If it can’t recover known effects, it’s not ready for production use — let alone for guiding budget decisions.
2️⃣ out-of-sample forecast accuracy
True causality means your model should make accurate predictions about the future. The best way to test that is through out-of-sample forecasts.
You hold back a portion of historical data, train the model without it, and ask: can the model accurately predict what happens next?
At Recast, we run rolling backtests like this every week. If a model consistently fails to predict unseen data, we flag it. That feedback loop is essential for maintaining trust in the system.
3️⃣ geo holdouts via Recast Geolift
When you want to resolve a high-uncertainty estimate or test a bold hypothesis, geographic experimentation is one of the most powerful tools available.

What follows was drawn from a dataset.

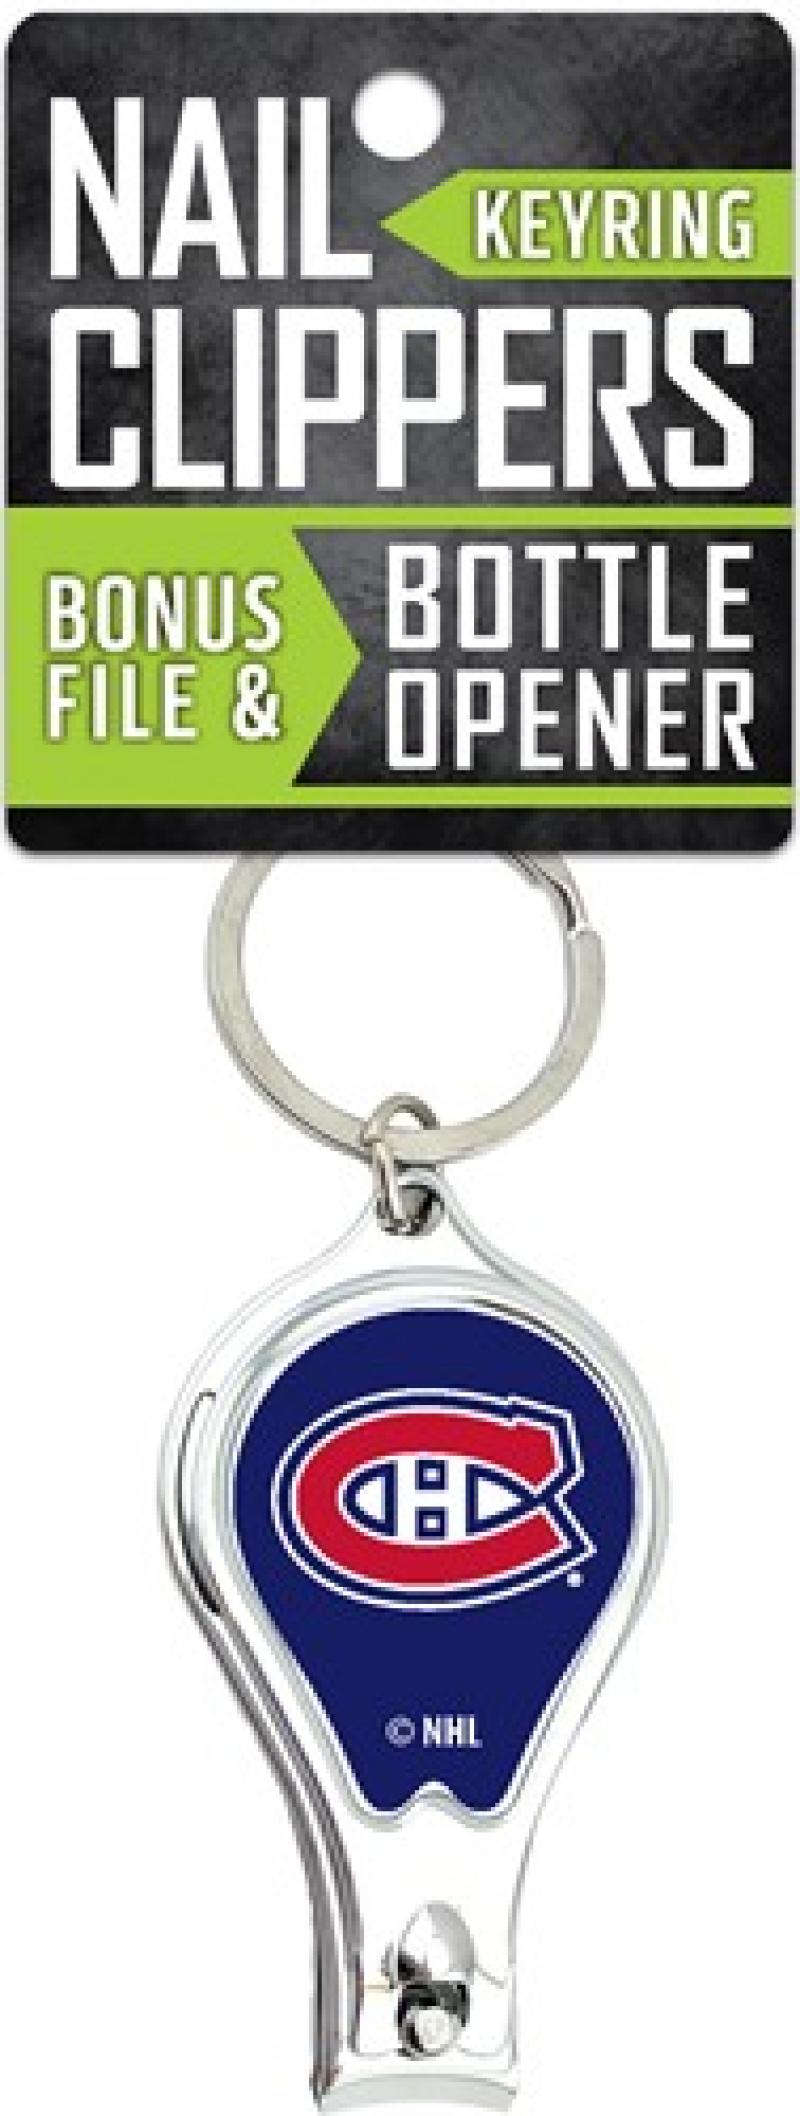 Montreal Canadiens Nail Clipper Keyring w/Bonus File & Bottle Opener Image 1
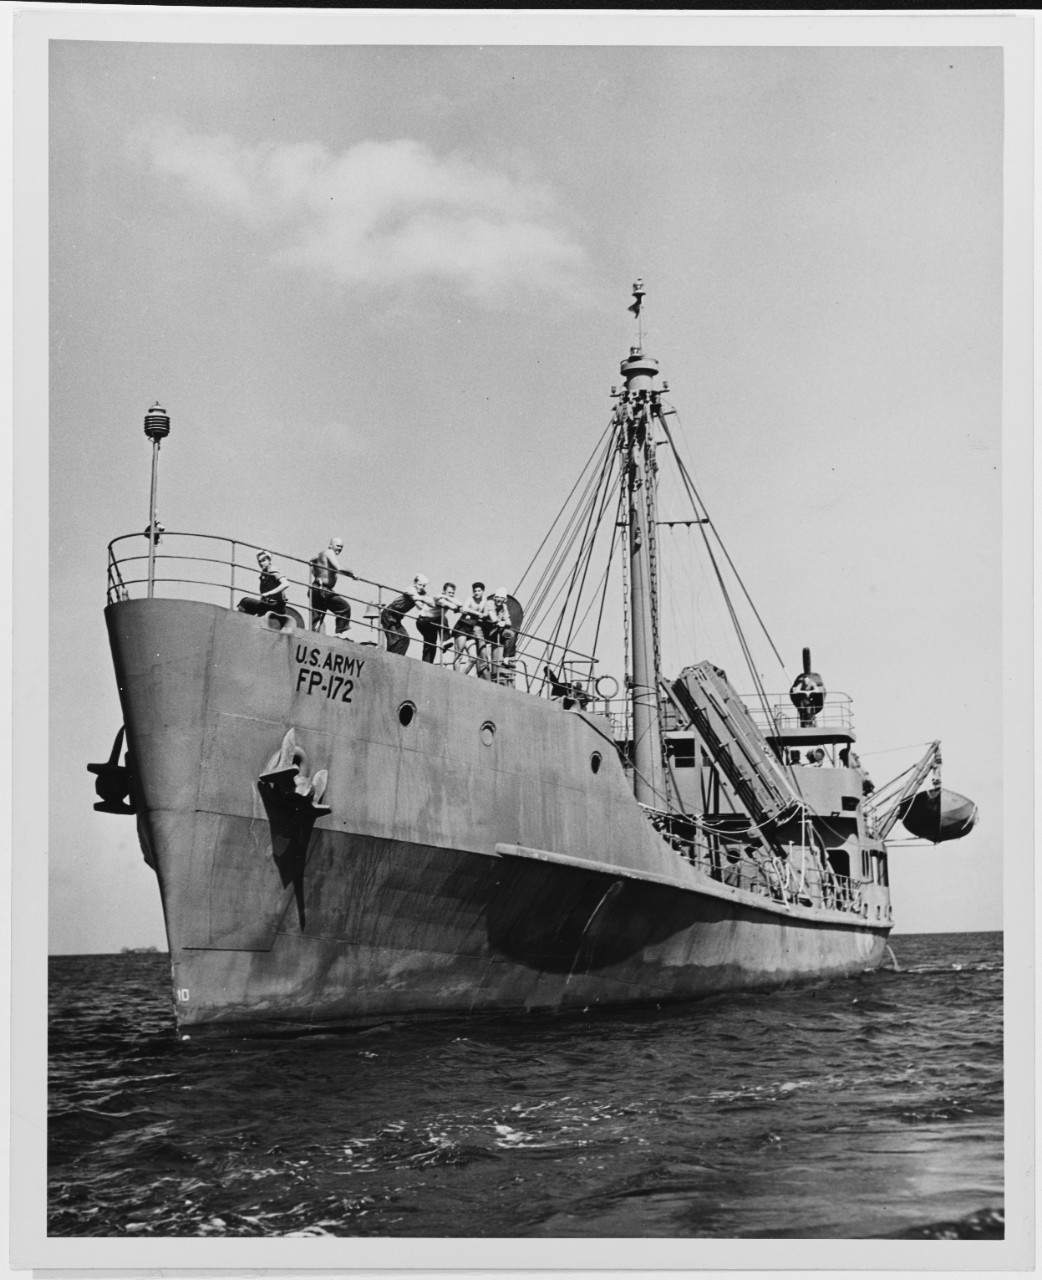 U.S. Army Cargo Vessel FP-172

Recast Geolift lets you run holdout tests — either reducing or increasing spend in selected regions — and simulates expected lift before you even launch. It accounts for your business’s actual geography, budget, and KPI structure, helping you design tests with real statistical power.
Once the test is live, Recast uses synthetic controls to analyze outcomes with confidence intervals and ROI estimates that fold directly back into your MMM. It’s a clean, closed-loop system.
4️⃣ real-world interventions
Sometimes the simplest test is a planned change. You adjust spend in a specific channel, region, or time period and track what happens. If your MMM predicted the outcome accurately, that’s a powerful validation.
And if it didn’t? That’s a signal to revisit your priors, rerun parameter checks, or question the model’s underlying assumptions.
Validation isn’t a one-time step — it’s part of an ongoing incrementality system. Hypotheses lead to tests. Tests lead to learning. And every new insight helps tune the model and make your next hypothesis more precise.
TLDR:
- A testable MMM hypothesis is specific, measurable, and tied to a clear decision.
- Use intuition, model uncertainty, and conflicting metrics to generate meaningful hypotheses.
- Validate each hypothesis with structured methods like synthetic data, out-of-sample forecasts, and geo experiments.